Jakarta (ANTARA) - Direktur Ekuator Swarna Investama Hans Kwee menilai saham bank digital akan tetap jadi primadona bagi investor meski sempat tertekan dalam sebulan terakhir seiring dengan meningkatnya harga komoditas.
Salah satu saham bank digital PT Bank Jago Tbk (ARTO) akhirnya keluar dari tekanan. Pada perdagangan Selasa (12/10) kemarin, saham Jago ditutup menguat 2,83 persen ke level Rp12.700 dengan nilai transaksi mencapai Rp542 miliar di mana asing melakukan beli bersih (net buy) senilai Rp55,93 miliar di seluruh pasar.
Dari jumlah tersebut, sebanyak Rp24,71 miliar dilakukan di pasar negosiasi.
Menurut Hans dalam keterangan di Jakarta, Rabu, penguatan harga saham Jago tersebut mematahkan siklus penurunan harga selama sebulan terakhir. Sejak emiten penghasil batubara, CPO dan bank besar pesta gila gilaan, saham Jago justru menyelam di kedalaman Rp12.300 dari posisi Rp16.000 pada akhir September.
Baca juga: Prospek bank digital dinilai jadi daya tarik bagi investor asing
Penguatan tersebut, lanjut Hans, karena saham Jago sudah masuk fase jenuh jual. Seperti diketahui, beberapa waktu terakhir saham Jago telah melemah cukup signifikan, karena derasnya aksi jual saham, khususnya yang dilakukan investor asing.
"Ketika tekanan jual mereda, investor mulai mengakumulasi kembali saham ini," ujar Hans.
Selain itu, Hans menambahkan, asing belakangan cenderung masuk ke bank-bank konvesional karena terpicu bangkitnya sektor komoditas. Dalam perspektif investor, saat ini hanya bank konvesional yang paling banyak menyalurkan kredit ke sektor komoditas, bukan bank digital. Jadi, ketika harga komoditas terbang tinggi, investor beranggapan bank bank besar bakal ikut ketiban berkah.
Fenomena tersebut menjelaskan mengapa investor melakukan aksi ambil untung (profit taking) dari emiten yang telah menikmati kenaikan harga saham selama pandemi, seperti farmasi, teknologi dan bank digital. Setelah itu, mereka merotasi portofolio dengan memperbanyak saham komoditas, konsumer dan bank besar.

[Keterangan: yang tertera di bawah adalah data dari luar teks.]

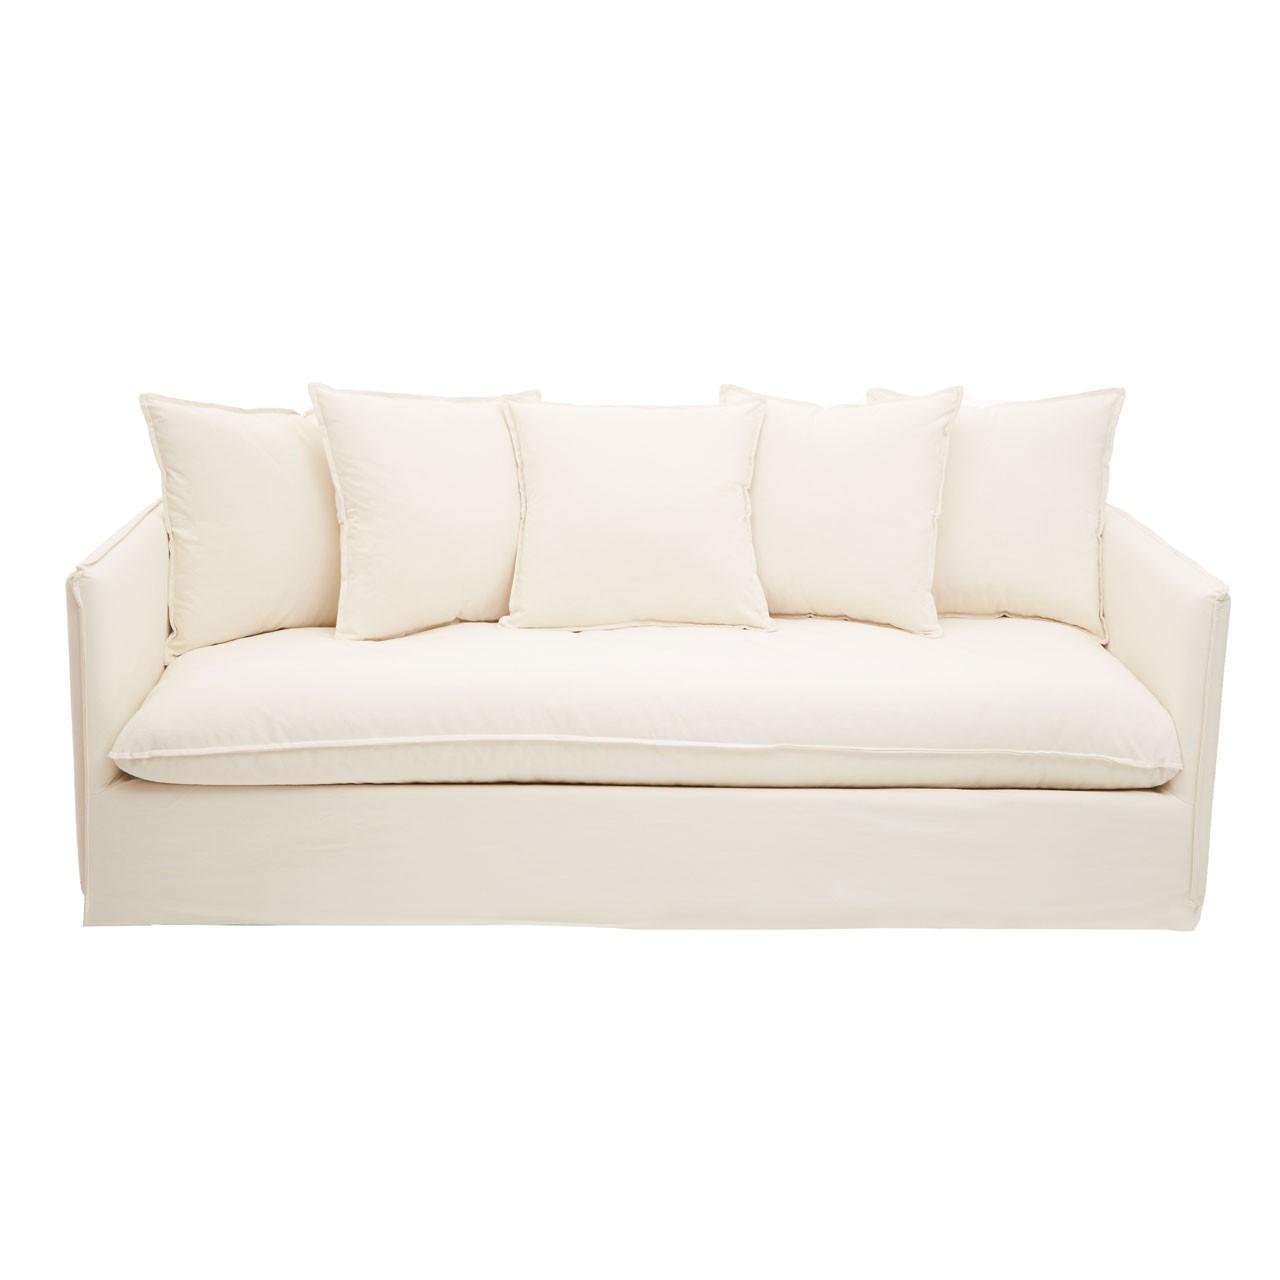 Cream Sofa UK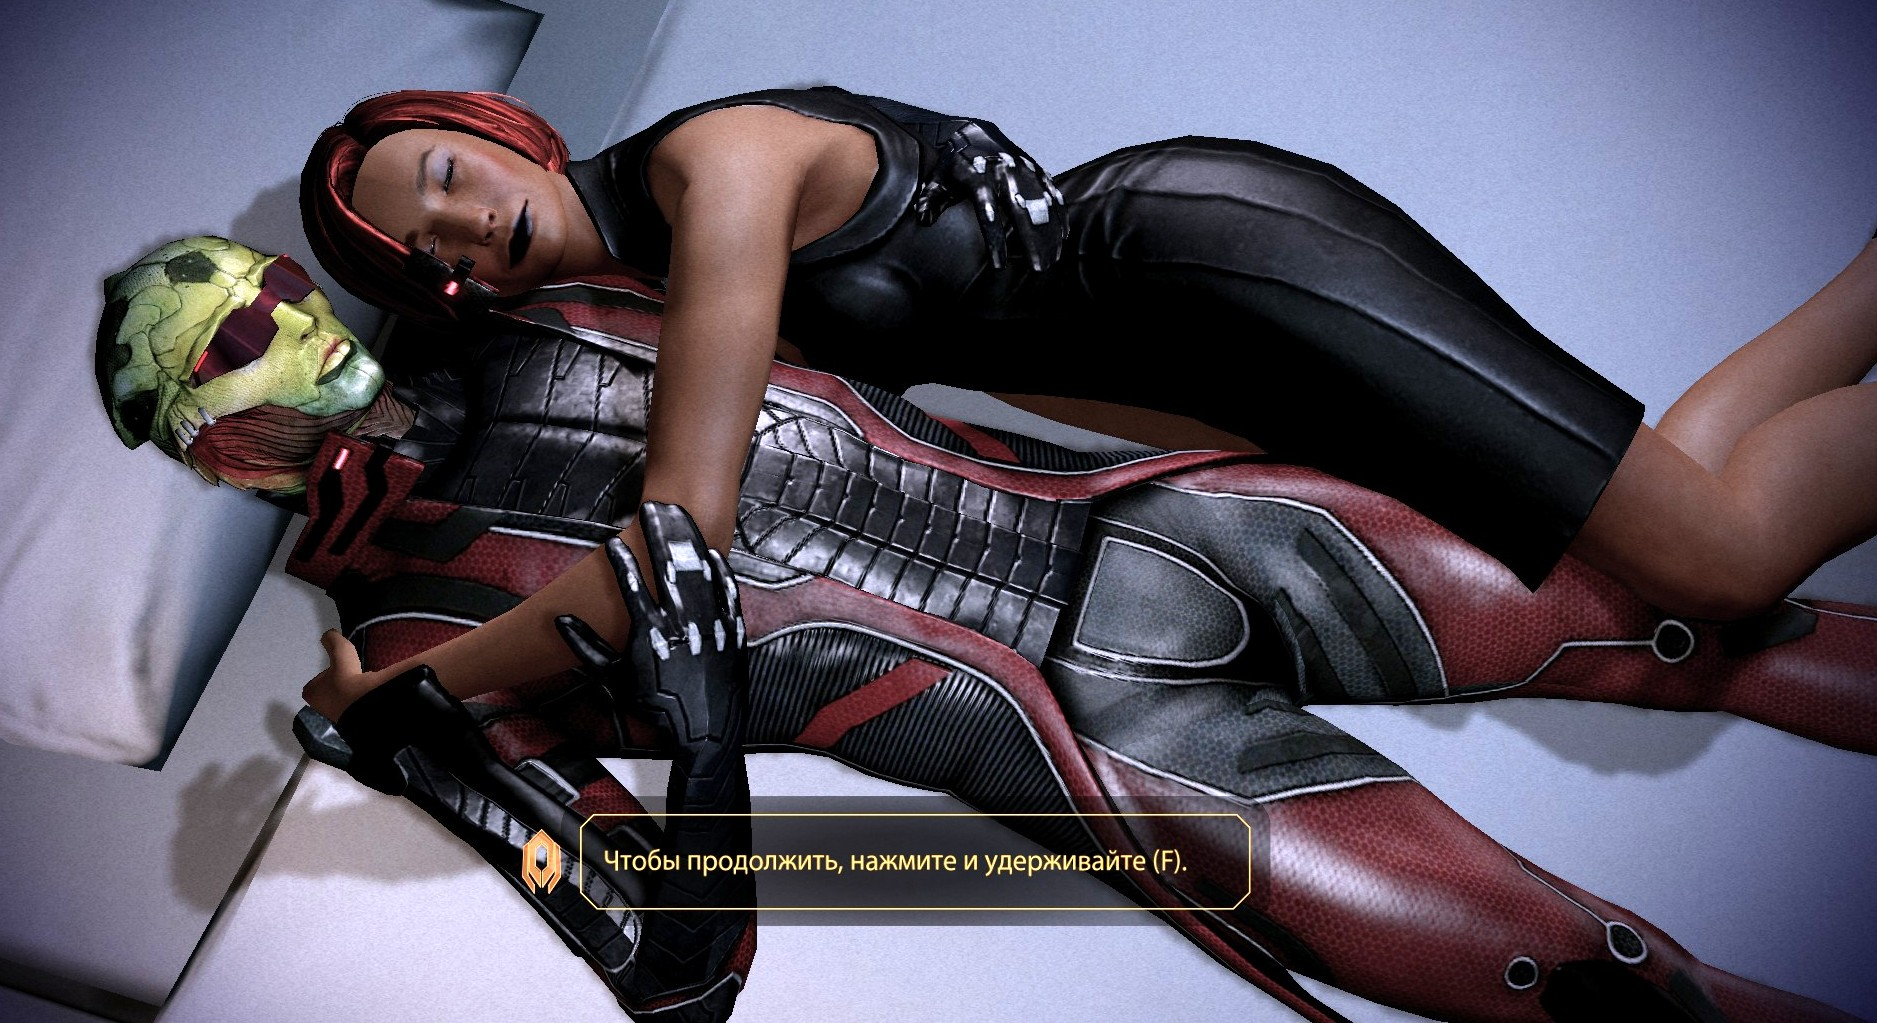 ScreenShot00100 — копия.jpg - Mass Effect 2

Akan tetapi, Hans menilai situasi tersebut bersifat sementara. Investor tetap menaruh harapan besar terhadap saham bank digital, namun lebih selektif. Bank yang menyandang status fully digital, dan terintegrasi dengan ekosistem, diyakini bakal kembali menjadi primadona.
Analis MNC Sekuritas Herditya Wicaksana mengatakan secara teknikal saham Jago menunjukkan tanda tanda pembalikan arah (reversal).
Baca juga: Bank Mandiri terus akselerasi transformasi layanan digital
"Ke depannya kami perkirakan masih rawan koreksi dalam jangka pendek. Saham Jago akan menguji area Rp12.700 terlebih dahulu. Namun demikian, apabila mampu bertahan di atas Rp12.575 sebagai supportnya, maka ARTO berpeluang menguat kembali," ujar Herditya.
Selain itu, pelaku pasar menganggap harga Jago saat ini jauh lebih rendah dari harga beli Ribbit Capital pada saat mengumumkan investasi di Jago. Investor menilai Jago layak dikoleksi karena telah menjadi portfolio investor kakap sekelas Ribbit, yang terkenal sangat jeli dalam melakukan valuasi.
Ke depan, saham Jago pun diprediksi masih memiliki banyak ruang untuk menguat kembali. Faktor pemicunya adalah publkasi data kinerja kuartal III 2021 yang akan dirilis pada akhir Oktober mendatang.
Beredar rumor Jago akan mencetak profit pada kinerja kuartal III 2021. Informasi tersebut terendus sejak Jago mencatatkan pertumbuhan kredit yang positif pada kuartal II lalu dan rasio keuangan yang semakin membaik. Jika hal ituterjadi, Jago akan menjadi salah satu bank digital tercepat dalam menghasilkan laba bersih.